I woke knowing that I must go back. It was not yet, the flood, but it was coming. By the next snow-time, or the next, we would hear the thunder, and I must be there, between the King and his son.

2

I had planned to go home by Constantinopolis, and letters had already gone ahead of me. Now I would have preferred to take a quicker way, but the only ship I could get was one plying north close inshore towards Chalcedon, which lies just across the strait from Constantinopolis.

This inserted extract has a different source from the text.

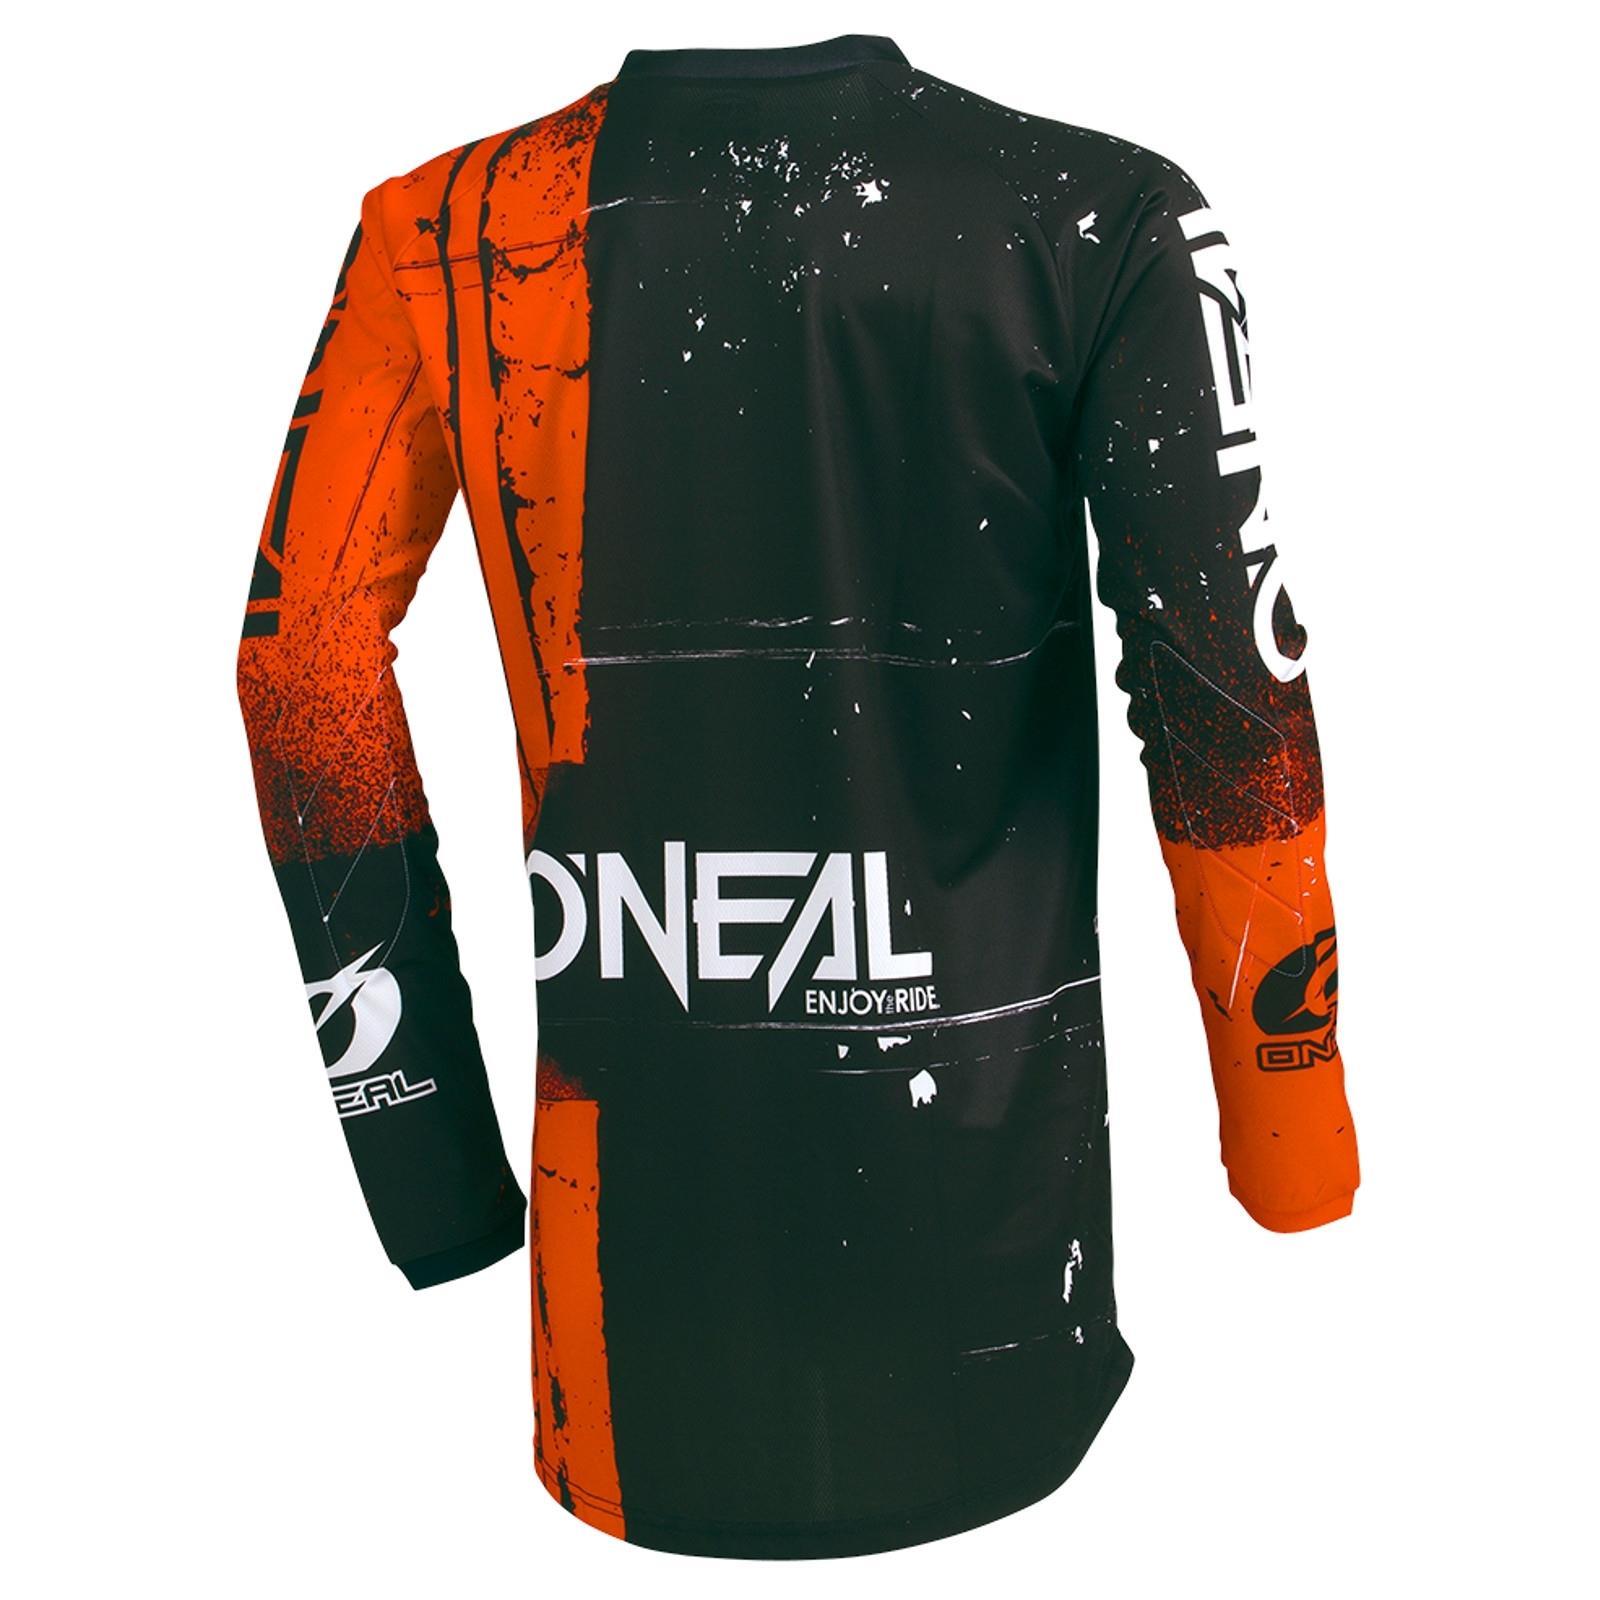 O-039-Neal-elemento-Mayhem-JERSEY-Racewear-Motocross-Maglia-MX-DH-FR-MTB-MOUNTAIN-BIKE miniatura 34

Arrived here, delayed by freakish winds and uncertain weather, luck still seemed against me; I had just missed a westbound ship, they told me, and there was no other due to leave for a week or more. From Chalcedon the trade is mostly small coastbound craft; the bigger shipping uses the great harbour of Constantinopolis. So I took the ferry over, not averse, in spite of the need I felt for haste, to seeing the city of which I had heard so much.